A group of rent-stabilized tenants are fighting to keep their East Village neighborhood affordable by turning down buyout offers of up to $125,000 apiece from a pair of real-estate barons.

The residents charge that the buyout bid by Icon Realty Management, owned by Terrence Lowenberg and Todd Cohen, would destroy the building’s sense of community.

“They offered me $120,000,” said Carolyn Chamberlain, 65, a secretary who pays $400 for her two-bedroom apartment in the six-story, prewar building at 176 E. 3rd St.

“I told them I would only be interested if it was middle-six-figure offer. It’s outright harassment,” she said.

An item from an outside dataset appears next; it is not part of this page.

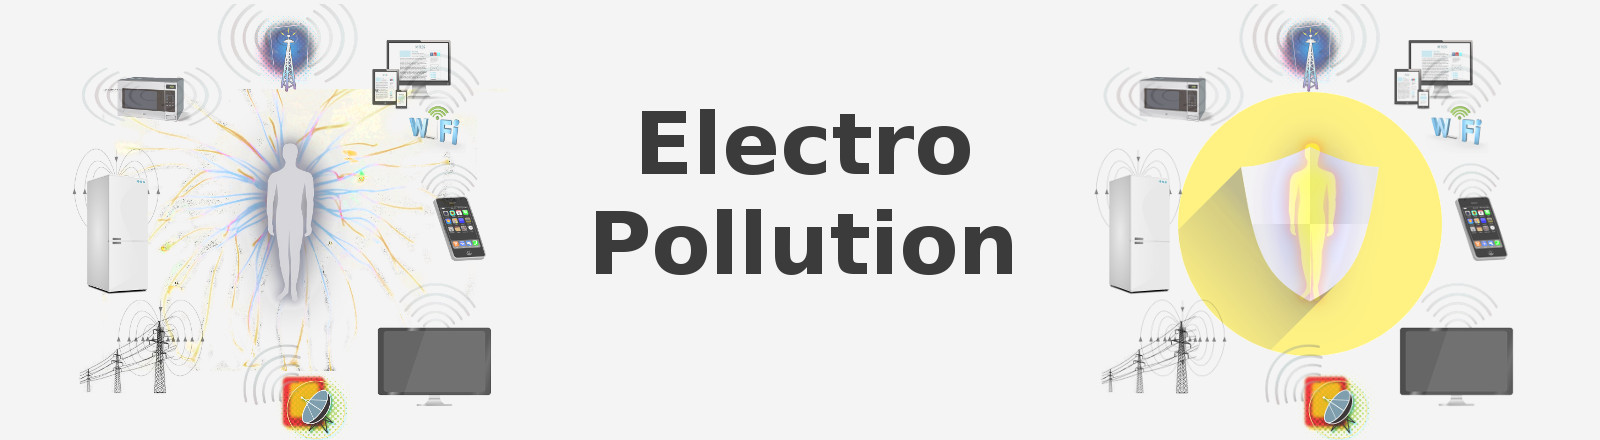 EMF Electro Pollution

Alexander Camu, a bartender, said he turned down a $125,000 offer.

“I moved here when the neighborhood was crap,” he said. “I turned down the offer because I’m being paid to leave my life.”

Camu said the buyout agent was dishonest when he told another tenant that Camu had accepted an offer. Camu said he never did.

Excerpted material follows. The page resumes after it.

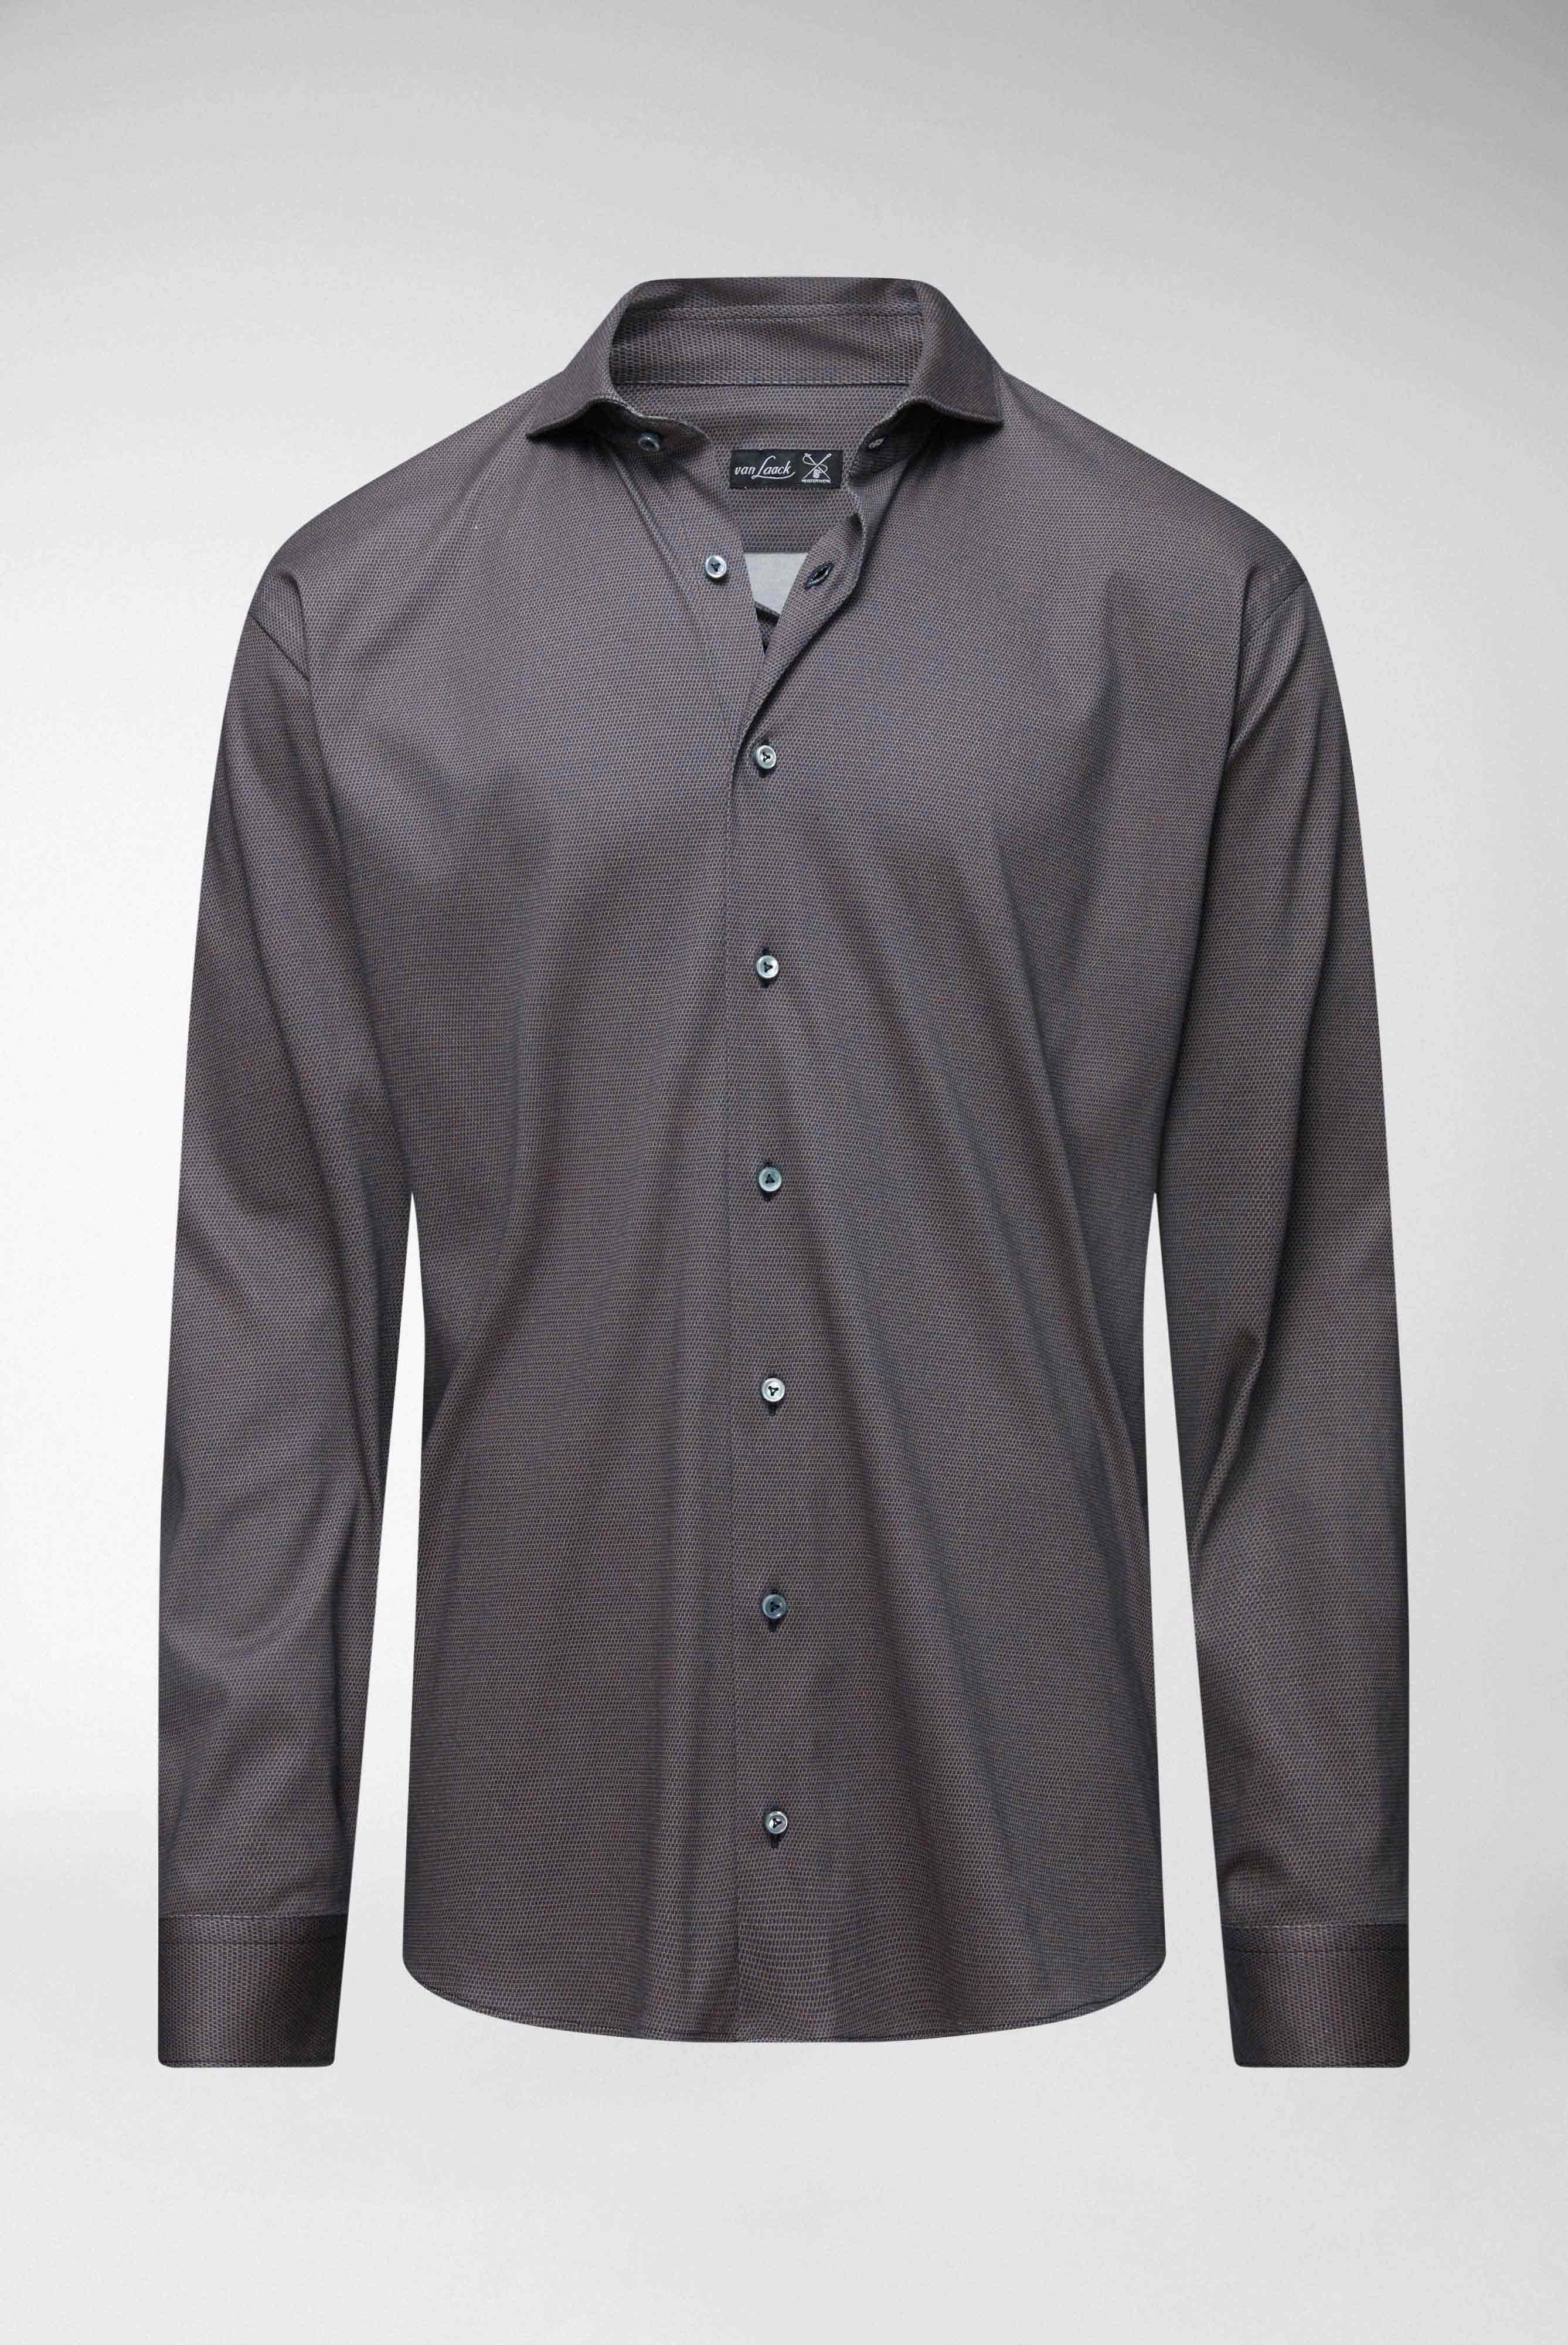 Casual Hemden+Jersey Hemd mit Mikro Druck Tailor Fit+20.1683.UC.187551.160.M

But residents estimate that at least six of the building’s 48 tenants have already snatched up Icon Realty’s offer and moved out.

Gentrification has changed the gritty neighborhood – once a magnet for struggling artists and drug activity – into a desirable downtown hotspot with upscale restaurants and bars.

The tenants complained that the landlord recently changed an electronic lock on the building’s front door to a more difficult standard version as a ploy to send them to an Icon representative looking for help. The rep would then use the opportunity to pitch the buyout, the tenants said.

“They want to buy people out and renovate the apartment, and then they want to flip the building,” said Heather Gradowski, who pays less than $700 a month for her one-bedroom apartment.

Many of the tenants said the $125,000 offer sounds like a king’s ransom, but after taxes, they wouldn’t be able to afford to live in Manhattan on it.

Construction is now going on in the vacated apartments to modernize the digs.

Linda Alexander, a spokeswoman for Icon Realty, said the management team did not harass any tenants.

“The [representatives] made several generous buyout offers, and when people refused, they accepted their answer,” she said.